Re: Subspaces of functions

each of the three sets given are defined by properties. for example:

1. S = {f in F[0,1] : f(0)f(1) = 0}.

this means that S is the set of all real-valued functions defined on the interval [0,1], for which either f(0) or f(1) (or both) is 0.

the 0-vector of F[0,1] is the function z, where z(x) = 0 for all x in [0,1]. clearly this function is 0 at x = 0 and x = 1.

now suppose f(x) = x. since f(0) = 0, f(0)f(1) = 0, so f is in S. suppose further, that g(x) = 1-x. then g(0)g(1) = (1)(0) = 0, so g is in S.

but (f+g)(x) = x + 1 - x = 1, so (f+g)(0)(f+g)(1) = (1)(1) = 1.

Re: Subspaces of functions

Ok I think I understand how to prove the closed under addition now, but how did you suppose g(x) = 1-x? Or do we just pick __any__ random function there?

Re: Subspaces of functions

my point is it is NOT closed under addition. to disprove something, you only need exhibit one counter-example.

how did i find it?

the condition f(0)f(1) = 0 is equivalent to: either f(0) = 0 or f(1) = 0. now there is no logical reason to assume that if f and g satisfy this, f+g will. so i picked some function with f(0) = 0, and f(1) = 1. there are lots of functions i could have chosen with this property, (for example f(x) = sin(pi*x/2) is one) the identity function on [0,1] is just a function for which it is obvious that f(0) = 0, f(1) =1.

then i found another function g that satisfied g(0) = 1, and g(1) = 0. again, there are lots of possibilities (for example g(x) = cos(pi*x/2) would have also worked), g(x) = 1 - x is just easy to work with.
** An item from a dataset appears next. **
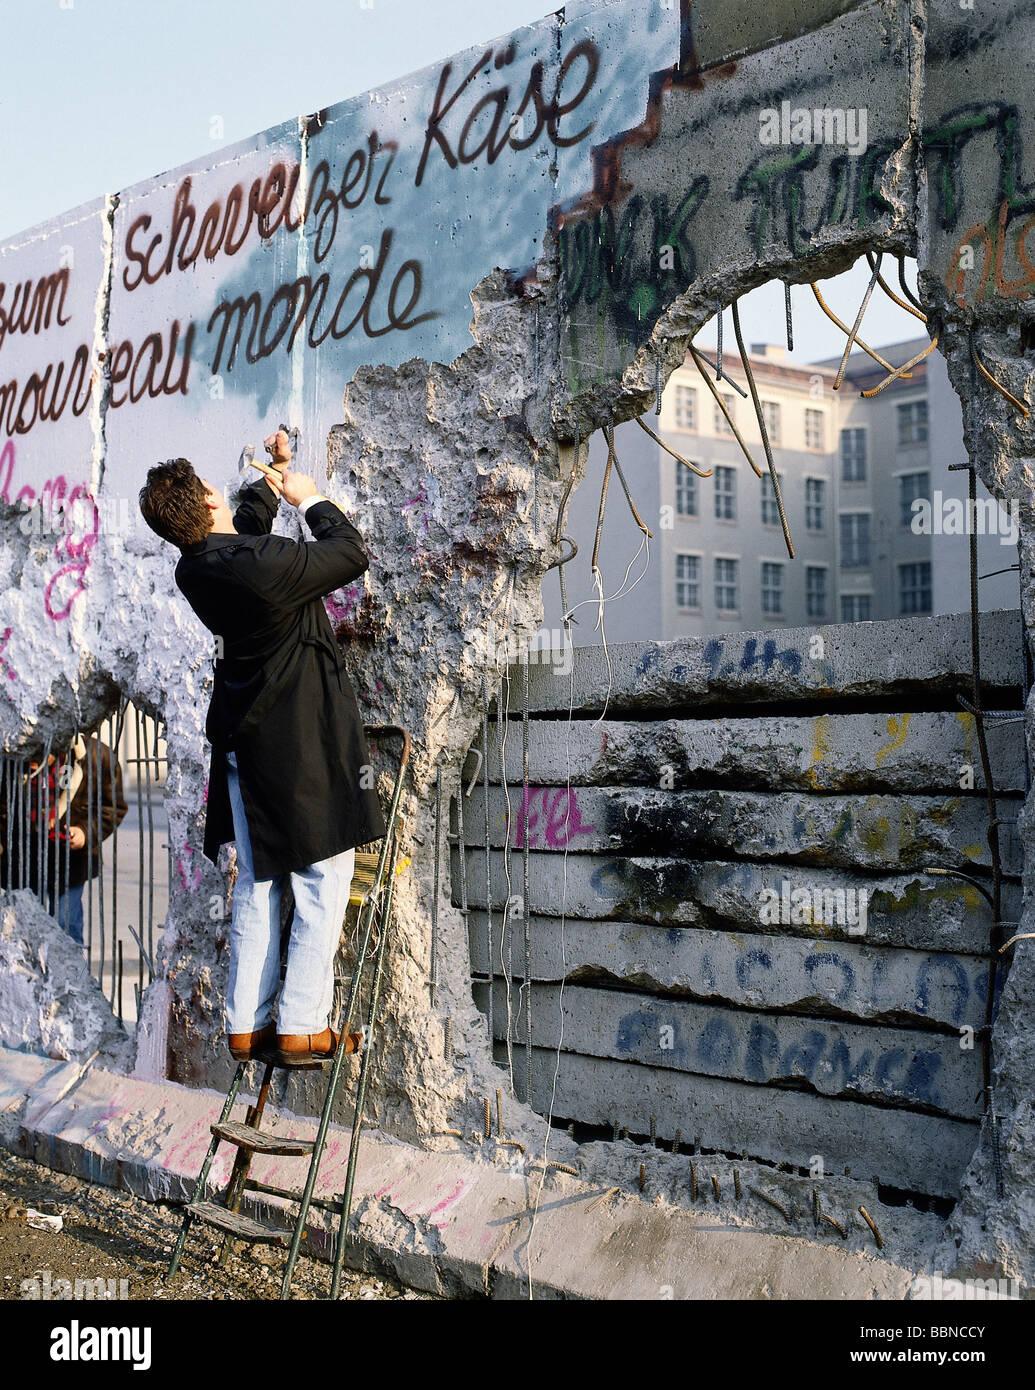 Geografia / viaggi, la Germania, la caduta del muro di Berlino, Pecker, Berlino, 9.11.1989, storico, storico del Immagini Stock

the point is f+g is defined point-wise, as (f+g)(x) = f(x) + g(x). there is no reason at all to assume that a property that holds for products, also holds for sums. finding counter-examples isn't a "formulaic" procedure, you have to be adaptable. in this case, since only one term in the expression f(0)f(1) has to be 0, i chose functions that had different terms be 0 (f is 0 only at 0, g is 0 only at 1, f+g is 0 at neither). i cant tell you how to do this for every set-definition that might come up, all i can tell you is that if you can't prove something, it might be that what you are trying to prove simply isn't true, so you might try to find an exception that disproves it.